Ive bought to similar to this at tag sales for a couple $s ea., but remember mom using hers for grinding meat into burger. The container on top is bigger than mine, but they clamp to counter the same way. One of mine has a couple of different cutter blade attachments.


----------



## OldCootHillbilly (Jul 9, 2010)

sailaway said:


> Ive bought to similar to this at tag sales for a couple $s ea., but remember mom using hers for grinding meat into burger. The container on top is bigger than mine, but they clamp to counter the same way. One of mine has a couple of different cutter blade attachments.


Sailaway, what yall got be a hand meat grinder. This be similar but has plates fer grindin grains an seeds. One won't do the other.

Them hand grinders er hand ta have fer makin up small batch's a sausage an makin a few burger patties. Nice ta have.


----------



## The_Blob (Dec 24, 2008)

"fer grindin up _other spices_ fer *smokin'*"... on any _other_ forum... :lolsmash:

we've got one of each... but I think the plates are bent because it turns pretty hard AND I hve to run it through multiple times


----------



## BasecampUSA (Dec 26, 2010)

I've got 6 of them I've collected since the hippie days... 4 with plates, 2 with grinding stones (NEVER let the stones touch or you'll have gritty bread and wear them out fast - teeth too).

"Owna Corona !" was the motto back then...  -MuthaErthNoos

- BC


----------



## nj_m715 (Oct 31, 2008)

I thought meat grinder are different. These can do the job? If so I can scratch one item off the list.


----------



## BillM (Dec 29, 2010)

*I have the same*

I have the same grinder and use it to grind cornmeal and flour !


----------



## IrritatedWithUS (Jan 9, 2011)

I was just looking at grinders a few hours ago! I am thinking about buying one soon. Any recommendations from online stores?


----------



## nj_m715 (Oct 31, 2008)

Flee markets for local and the good old C-list or ebay for online. No need for new, these things should last forever. I have a hand crank like in the first post. I found it on ebay for about $30 and another for parts at a flee market for $5. If you're doing a lot of cooking from scratch you might an electric mill. We do some, but not enough to justify the cost. We set up the hand crank every 3 or 4 months to fill up a gallon sized jug or flour and a few cups of corn. The wheat isn't too bad. The corn was like grinding rocks, but I like grits.


----------



## BillM (Dec 29, 2010)

*I just*



nj_m715 said:


> Flee markets for local and the good old C-list or ebay for online. No need for new, these things should last forever. I have a hand crank like in the first post. I found it on ebay for about $30 and another for parts at a flee market for $5. If you're doing a lot of cooking from scratch you might an electric mill. We do some, but not enough to justify the cost. We set up the hand crank every 3 or 4 months to fill up a gallon sized jug or flour and a few cups of corn. The wheat isn't too bad. The corn was like grinding rocks, but I like grits.

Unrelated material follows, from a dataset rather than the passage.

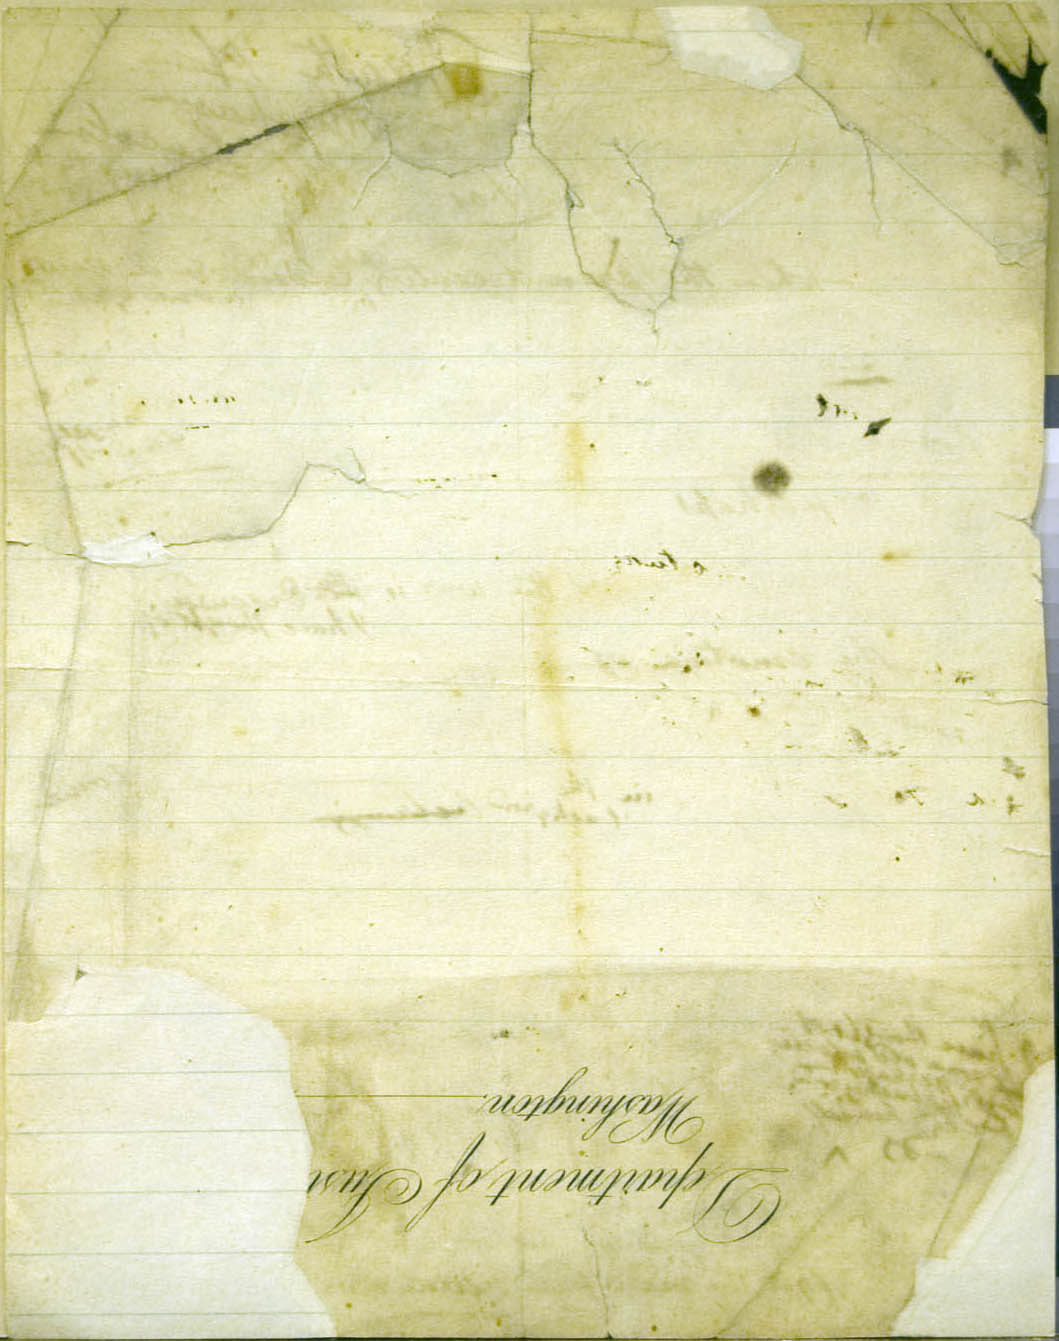 death of abraham lincoln walt whitman pdf

I just run the corn thru twice !


----------



## nj_m715 (Oct 31, 2008)

I run the wheat 2-3X and the corn a lot more, of course I ain't what I used to be either.


----------



## Emerald (Jun 14, 2010)

nj_m715 said:


> I run the wheat 2-3X and the corn a lot more, of course I ain't what I used to be either.


That is what the children and grandchildren are good for..


----------